Wednesday, October 18, 2017

Russell Martin: 'Picasso's War' (2002)

Russell Martin, Picasso's War: The Destruction of Guernica, and the Masterpiece That Changed the World. New York: Dutton, 2002.

The way it's organized:
The Spanish Dead
Remembering the Bullring
Images Spilling from Fingers
Save Spain!
A Wearable Pair of Boots
The Last Refugee
Guernica in Gernika

Highly absorbing book, providing background, context, a detailed account of artistic creation, setting, display, impact, rescue, and ongoing installation.
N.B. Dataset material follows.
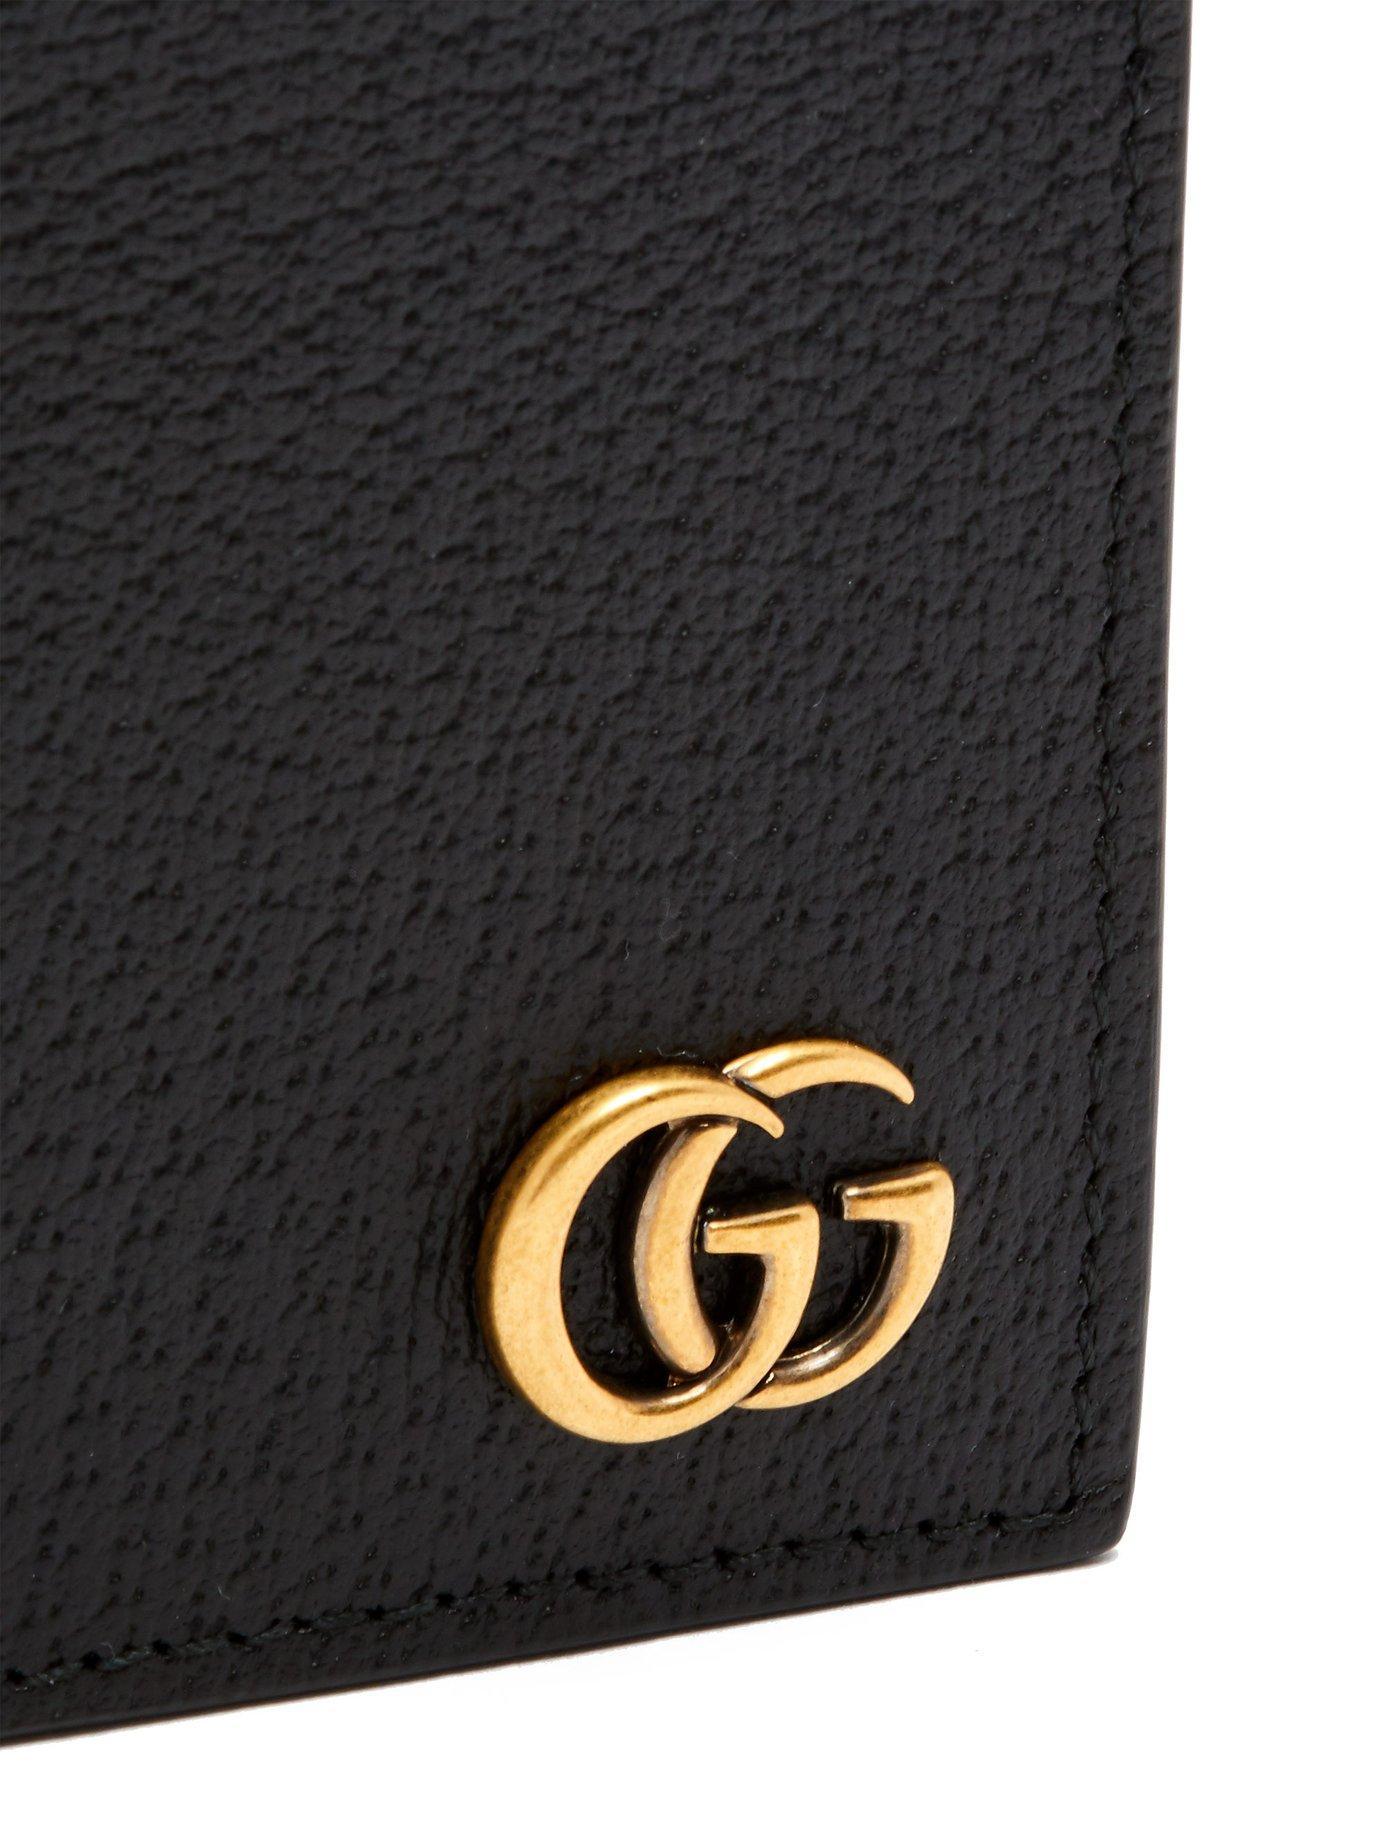 50661c63f5e5 Gucci - Black Gg Marmont Grained Leather Bi Fold Wallet for Men - Lyst.  View fullscreen
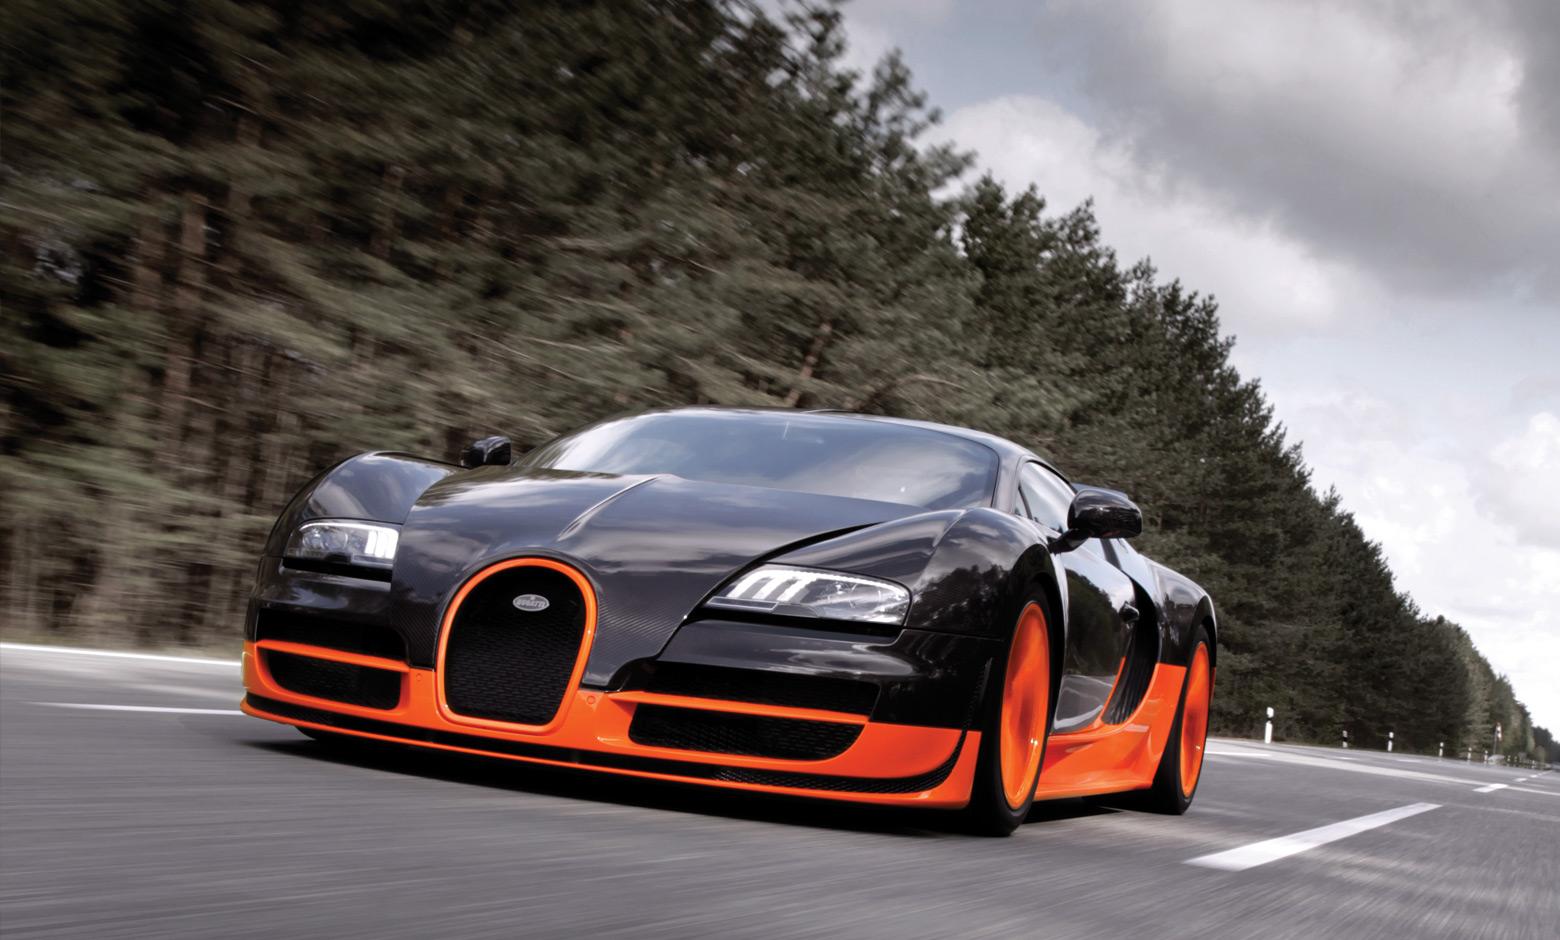 How much money is a bugatti

We see why Picasso was moved to perform his artistic duties on behalf of the Spanish Republic, then under attack by Nazi and fascist-backed brutes from 1936 until 1939. Martin shows how Picasso's response to the German-Italian air assault against Guernica on April 26, 1937 led to the creation of his Guernica masterpiece.  

A vivid account of the bombing, how word of it spread (and was also denied by the usual suspects), and how Picasso's work was displayed at the Spanish Pavilion at the Paris Expo, the Exposition Internationale des Arts et Techniques dans la Vie Moderne (International Exposition of Art and Technology in Modern Life) that ran later in 1937. At this utterly surreal expo, giant German Nazi architecture ranged against Soviet symbols, even as German and Italian military forces and equipment faced off against Soviet equipment and advisers in the ongoing Spanish Civil War. 

Most of Europe would be engulfed in the Second World War before the decade of the 1930s was out, but only after Spain was left to burn to the ground.     

Picasso's War includes still-current debates over modern Spanish life, identity and policy. The aspirations of people in the Basque region and Catalonia are notably included. 

Since 1992, Madrid has been hosting Guernica in the Museo Nacional Centro de Arte Reina Sofía; but not without a fight and the creation of a proposed alternate venue at the Guggenheim Museum Bilbao in Basque country. 

I've seen the original Guernica at the Reina Sofía in Madrid and the huge tapestry copy at United Nations headquarters in New York City.  Now I'd like to visit Balboa and, of course, sacred Guernica (Gernika), both in Euskadi, Basque country. 

Here is the author's tribute to his teacher-friend and mentor Angel Vilalta: "Angel continually demonstrated that the best kinds of men were inquisitive and energetic, courageous yet compassionate, attuned to the breadth of the world's worries and pleasures but also equally focused on family and friends." (page 187). 

Today's Rune: Growth. 


Charles Gramlich said...

I haven't been keeping up with it much but it sounds as if Spain is having some more civil unrest as we speak.

the walking man said...

I am of a mind that of people do not consider themselves a part of a nation, have a functioning government, and the means to support themselves they should federate and work towards independence. The Kurds, the Basques, the Catalonians--it may work out yet for the split in the Sudan. The world is changing once again--perhaps nations should remove the boot from the neck of them wanting a homeland they feel comfortable in running.